Phytochemicals can help protect against ROS, for example by inducing enzymes that reduce free radicals. In addition, when damage is severe, phytochemicals can induce signaling proteins such as Bcl-2 that lead to the turnover of damaged mitochondria and apoptosis of their associated cells (Bonekamp et al. 2009; Shay and Banz 2005) (fig. 2).
Fig. 2. Consequences of deficiency and sufficiency of mitochondrial nutrients. Deficiency can increase oxidative stress and decrease antioxidant defenses, thereby accelerating the aging process and increasing the occurrence of degenerative diseases. Conversely, sufficient mitochondrial nutrients decrease oxidative stress while fortifying antioxidant defenses, with the opposite effect.

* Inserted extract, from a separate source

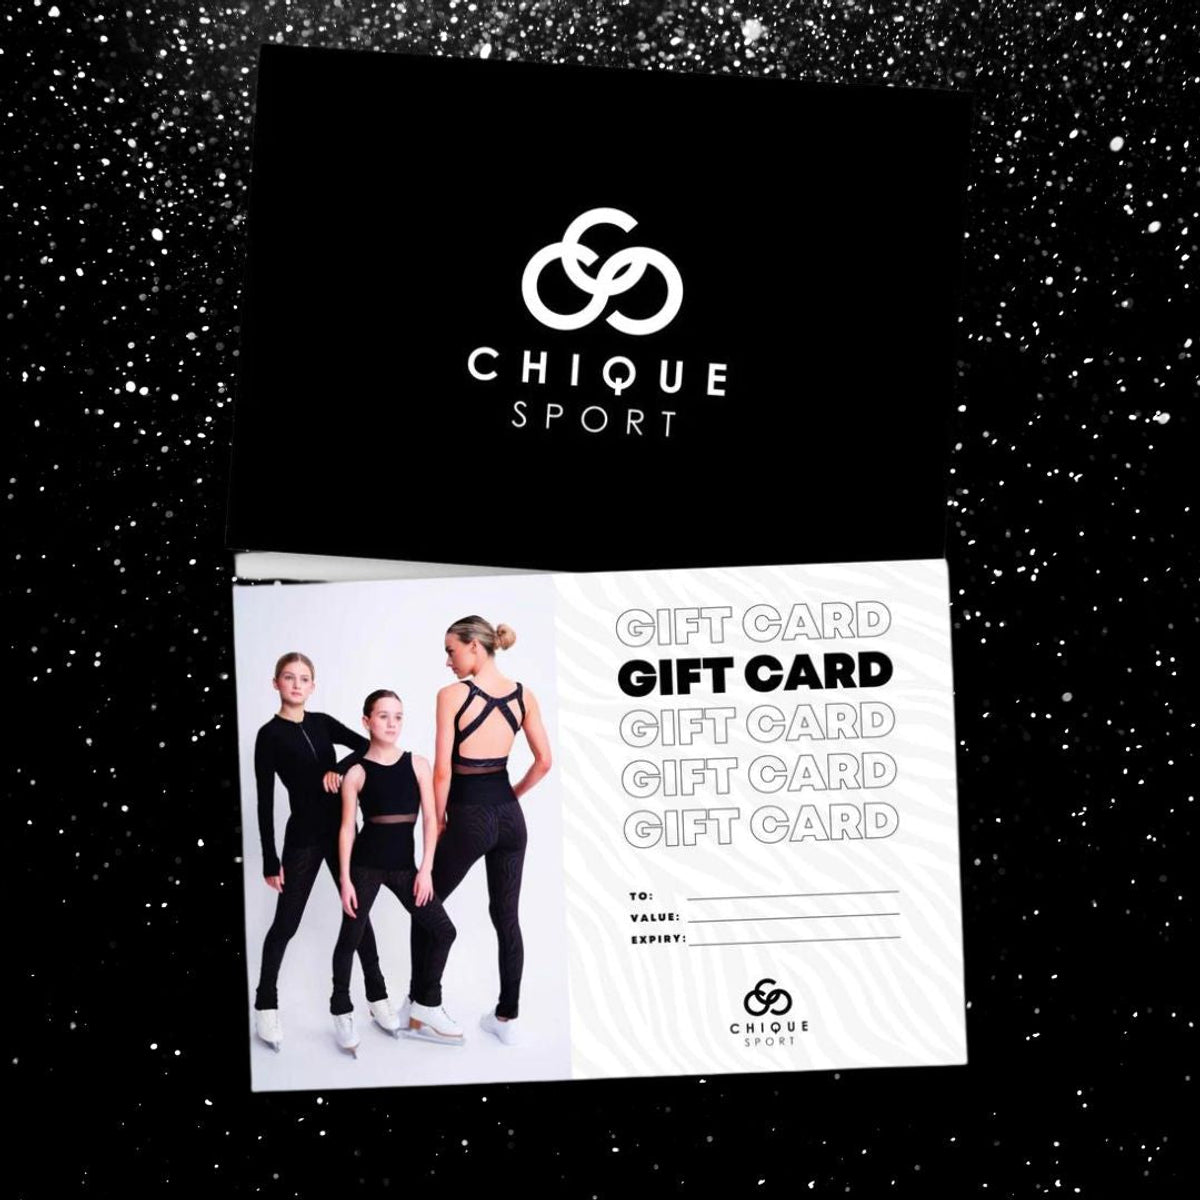 TREAT SOMEONE TO A CHIQUE SPORT GIFT CARD! - Chique Sport

Mitochondria are responsible for most aerobic oxidative metabolic functions and the conversion of substances in the foods we eat into energy. The discovery of links between mitochondria and diseases has led to a new field of study called mitochondrial medicine. More than 40 genetic diseases are now recognized as involving mitochondria directly, affecting an estimated 1 out of 4,000 individuals. In addition, mitochondria also play a role in metabolic syndrome, obesity and diabetes, major chronic diseases affecting one-third to one-half of Western populations. A common feature of these diseases is that mitochondria, whether genetically defective or abnormally reduced in number, are unable to completely burn food and oxygen to generate energy. This in turn results in impaired oxygen utilization, which can lead to an increase in damaging ROS as side products as well as other toxic metabolic products (such as ammonia, which may not be efficiently incorporated into urea by metabolic pathways located in mitochondria) (fig. 2).
To understand exactly how phytochemicals may help protect against mitochondrial-related diseases, it is important to appreciate that highly regulated complex pathways have evolved to aid in their nutritional availability, disposal, and in some cases, biological activation. According to the free-radical theory, oxidative damage initiated by ROS is a major contributor to the functional declines associated with aging and many diseases. In this regard, many biofactors can act both in mitochondrial signaling and as ROS scavengers (see page 141 ). This exciting area of nutrition research provides evidence that California agriculture can play a beneficial role in oxidative metabolism, thus promoting good health.